Old Hat Stakes
- Class: Defunct (not raced since 2017)
- Location: Gulfstream Park Hallandale Beach, Florida
- Inaugurated: 1976
- Race type: Thoroughbred - Flat racing
- Website: www.gulfstreampark.com

Race information
- Distance: 6 furlongs
- Surface: Dirt
- Track: left-handed
- Qualification: Three-year-old fillies
- Purse: $100,000

= Old Hat Stakes =

The Old Hat Stakes was an American flat Thoroughbred horse race for three-year-old fillies held annually in early January at Gulfstream Park in Hallandale Beach, Florida. It was raced run over a distance of 6 furlongs on dirt. It became a graded race for the first time in 2005 and last held in 2017.

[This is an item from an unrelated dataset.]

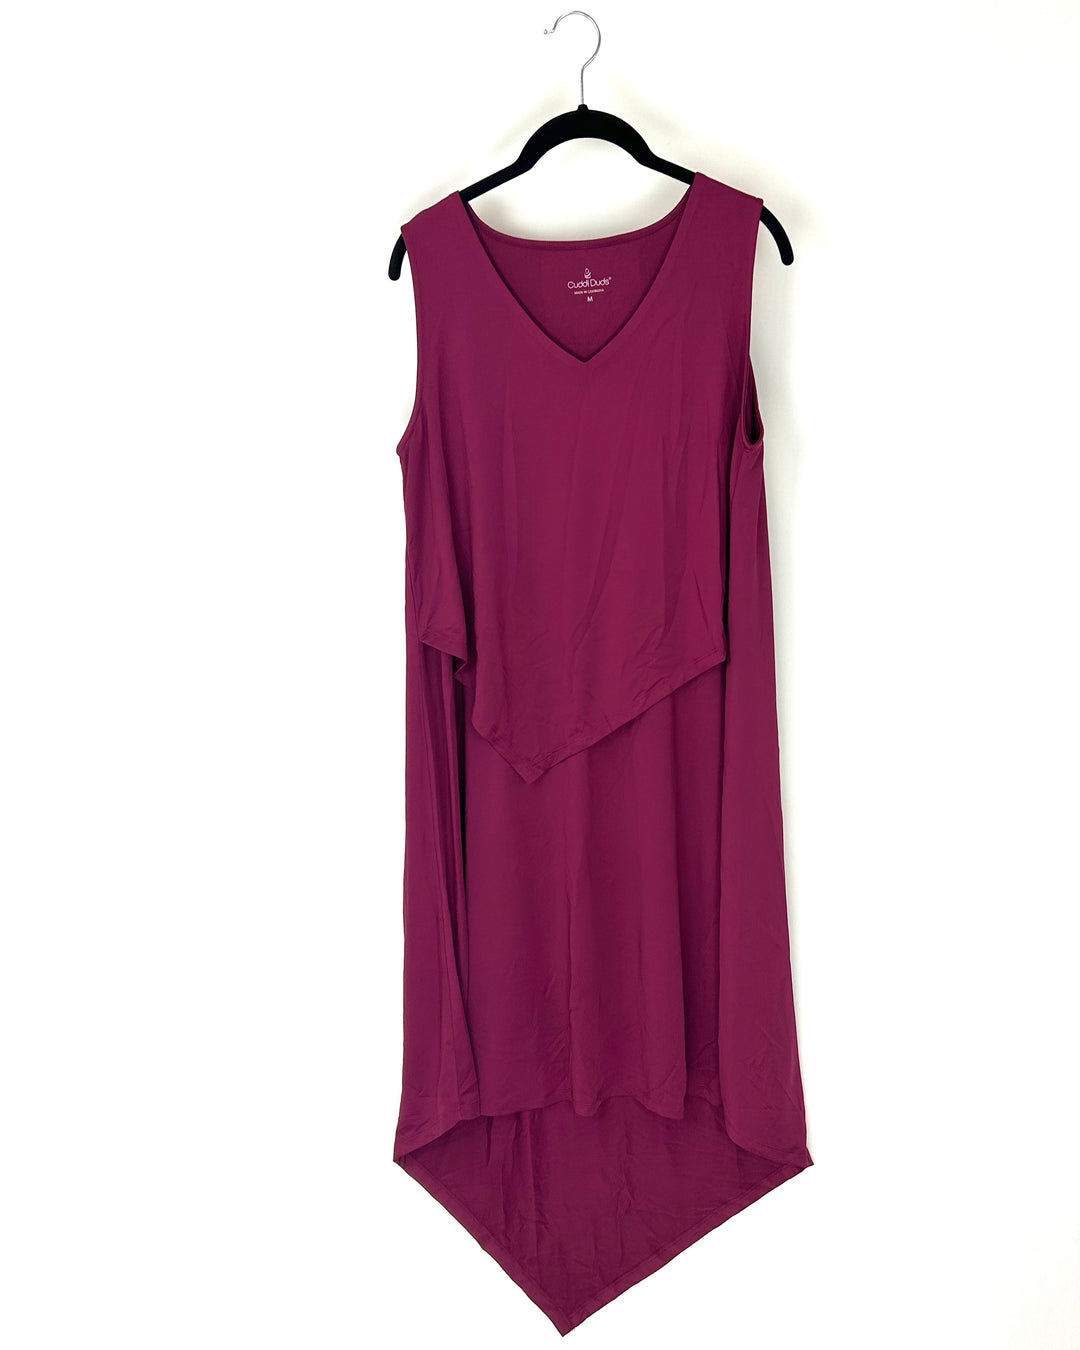 Plum Asymmetrical Dress - Size 10/12

The race was named after Old Hat, an exceptional racing mare who often vied with the great Affectionately. Old Hat raced for six years and won the American Champion Older Female Horse award in 1964 and 1965. Old Hat started 80 times, winning 35, placing in 18, and showing in 9.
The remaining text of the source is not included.